Symptomatologie et diagnostic
Les manifestations initiales d’une môle hydatiforme évoquent une grossesse débutante, mais l’utérus est souvent plus volumineux que lors d’une grossesse normale après 10-16 semaines de grossesse. Des hémorragies vaginales, l’absence de mouvement fœtal, l’absence de perception des bruits du cœur fœtal et des vomissements sévères sont fréquents. L’évacuation de fragments de tissu en grappes évoque fortement le diagnostic. Les complications peuvent être une infection utérine, un sepsis, un choc hémorragique et une prééclampsie, qui peut apparaître en début de grossesse. Les tumeurs trophoblastiques du site placentaire tendent à entraîner des hémorragies. Le choriocarcinome se manifeste généralement par des symptômes dus aux métastases. La maladie trophoblastique gestationnelle n’altère pas la fertilité et ne prédispose pas à des complications pré- ou péri-natales, par exemple malformations congénitales ou fausses couches spontanées.
Si une maladie trophoblastique gestationnelle est suspectée, les examens à réaliser sont le dosage de la beta HCG sérique et une échodoppler pelvienne. Les résultats, par exemple un taux de beta HCG, très élevé peuvent suggérer le diagnostic mais une biopsie est nécessaire.
Traitement
Les môles hydatiformes, les môles invasives et les tumeurs trophoblastiques du site placentaire sont évacuées par aspiration-curetage. L’hystérectomie est une alternative s’il n’y a pas de désir de grossesse ultérieure.
Après résection de la tumeur, la maladie trophoblastique gestationnelle est classifiée cliniquement pour déterminer si un traitement supplémentaire est nécessaire. Le système de classification clinique ne correspond pas au système de classification morphologique. On réalise une radio thoracique et un dosage du taux de beta HCG. Si le taux de beta HCG ne se normalise pas dans les 10 semaines, la maladie est classée comme persistante. Une maladie persistante nécessite une TDM cérébrale, thoracique et abdominopelvienne. Les résultats permettent de classer la maladie comme métastatique ou non métastatique. Dans la maladie métastatique, le risque vital peut être bas ou élevé.

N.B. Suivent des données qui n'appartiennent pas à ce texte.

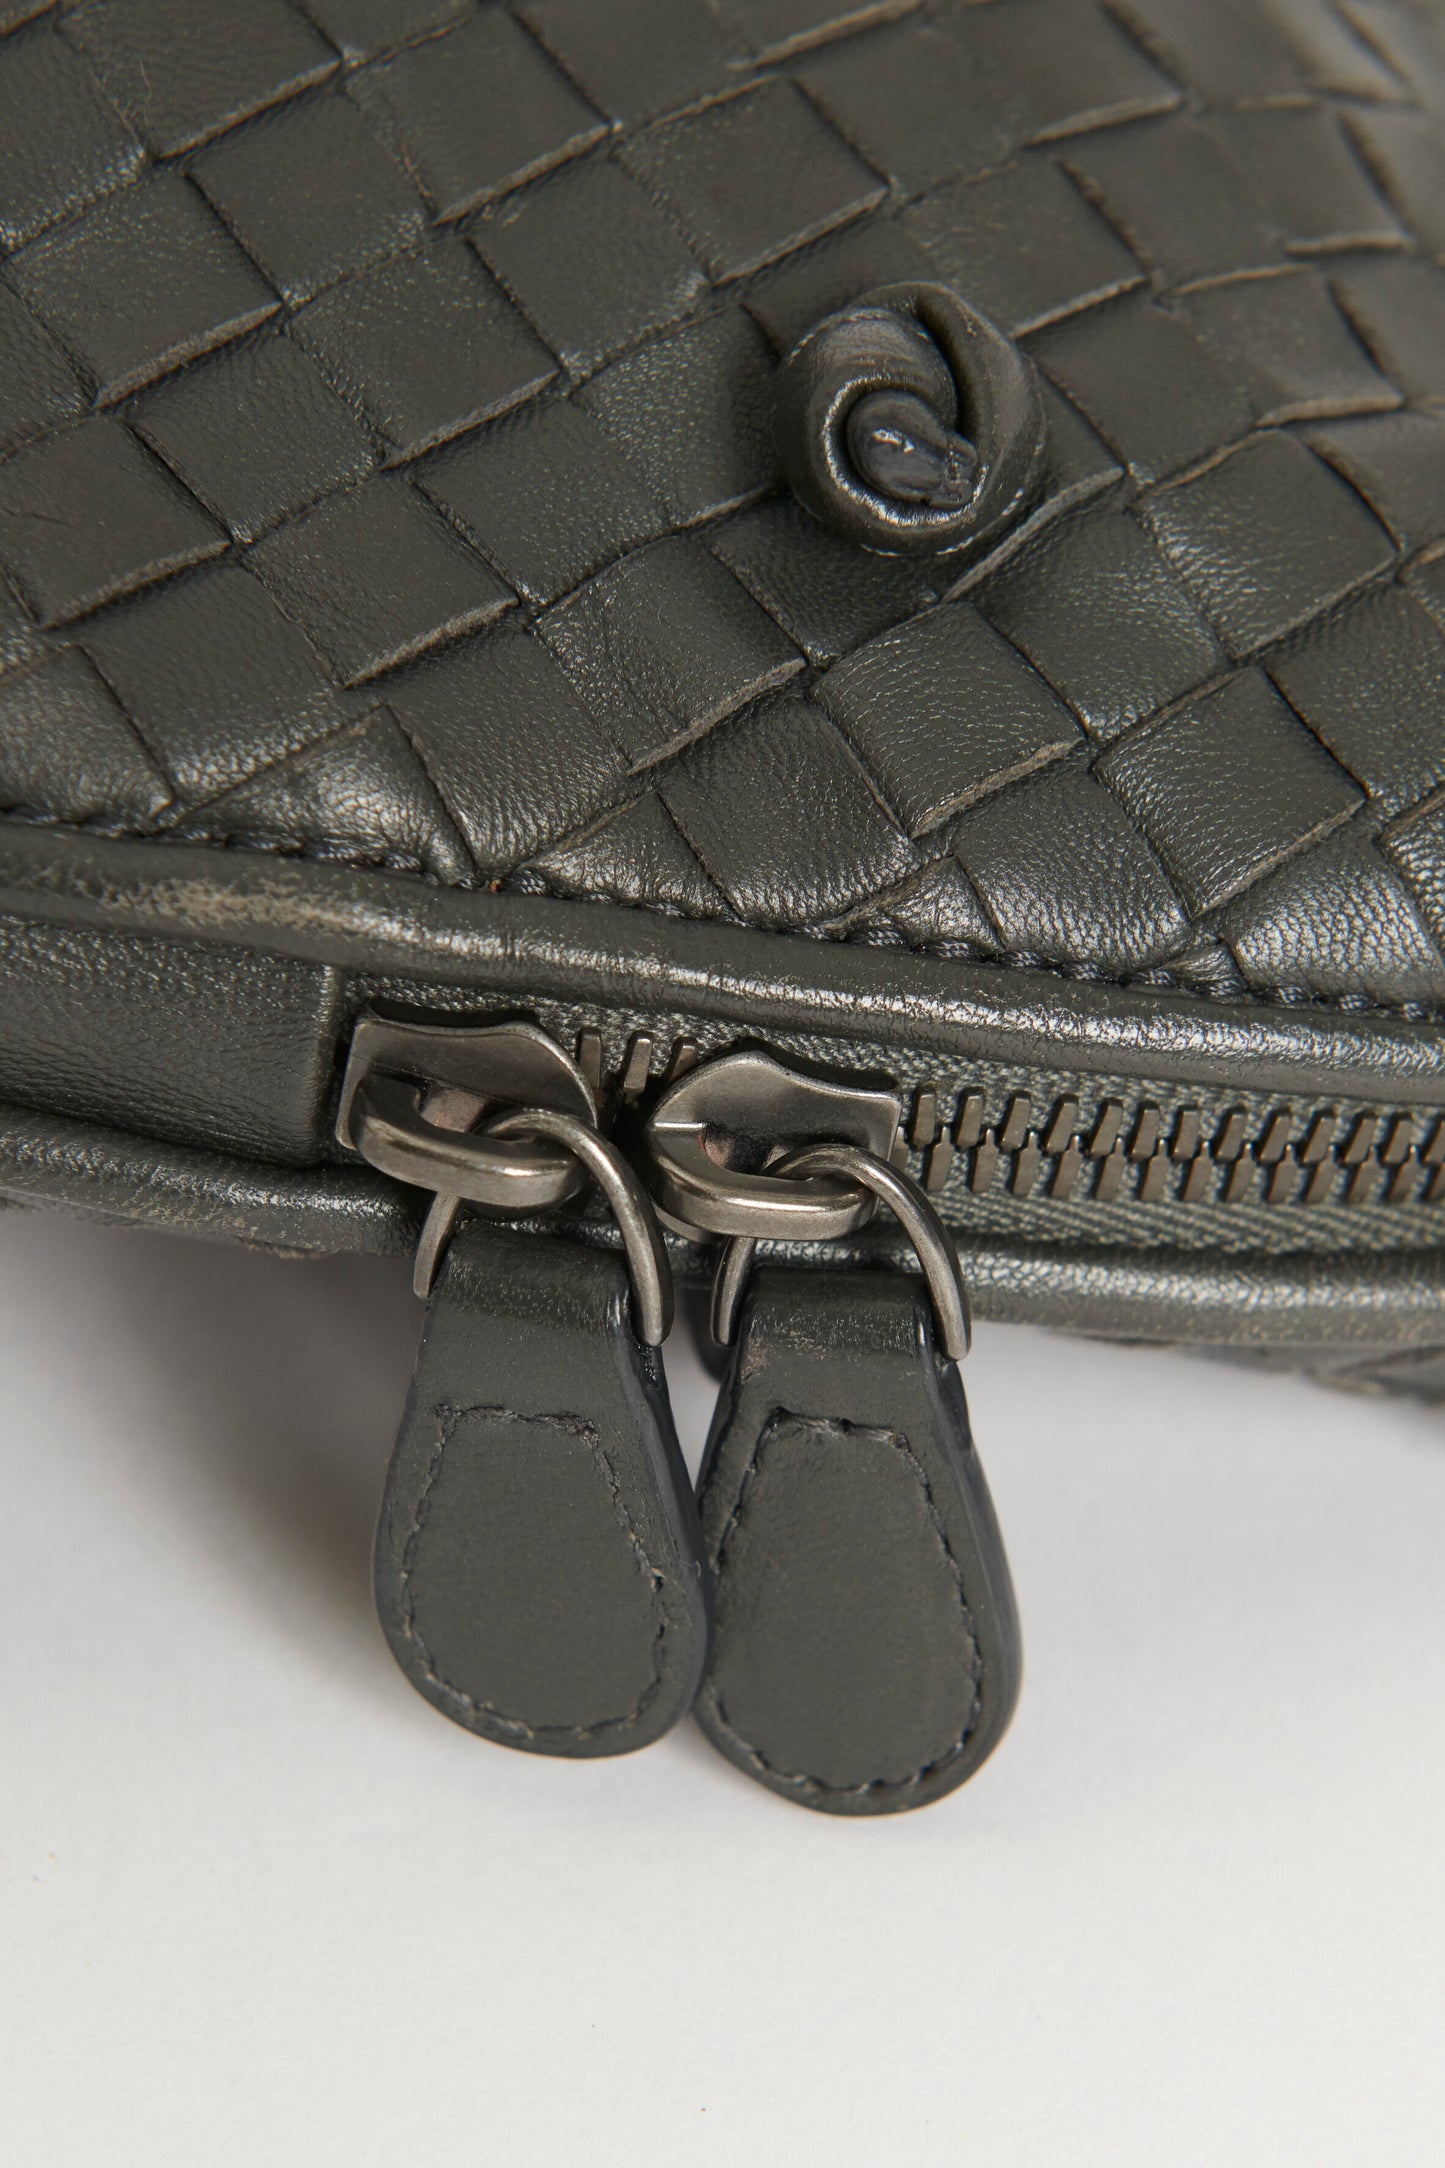 Grey Leather Intrecciato Nodini Preowned Bag

Une maladie persistante est généralement traitée par chimiothérapie. Le traitement est considéré comme efficace si au moins 3 dosages consécutifs de beta HCG sérique à 1 semaine d’intervalle sont normaux. En règle générale, on prescrit un contraceptif oral pendant 6-12 mois ; toute méthode contraceptive efficace peut être utilisée comme alternative. Une tumeur non métastatique peut être traitée par une monochimiothérapie (méthotrexate ou dactinomycine). Une alternative est l’hystérectomie, qui est discutée chez la patiente de plus de 40 ans ou qui désire une stérilisation, et qui peut être nécessaire en cas d’infection sévère ou d’hémorragie non contrôlée. Si la monochimiothérapie est inefficace, une hystérectomie ou polychimiothérapie sont indiquées. Quasiment 100 % des patientes ayant une maladie non métastatique peuvent être guéries.
La maladie métastatique à faible risque est traitée par mono ou polychimiothérapie. La maladie métastatique à haut risque requiert une polychimiothérapie plus agressive. Le taux de guérison est de 90-95% pour les maladies à faible risque et de 60-80% pour les maladies à haut risque.
La môle hydatiforme récidive dans près d’1 % des cas lors des grossesses ultérieures. La patiente qui a un antécédent de môle doit passer une écho-doppler précocement lors des grossesses ultérieures.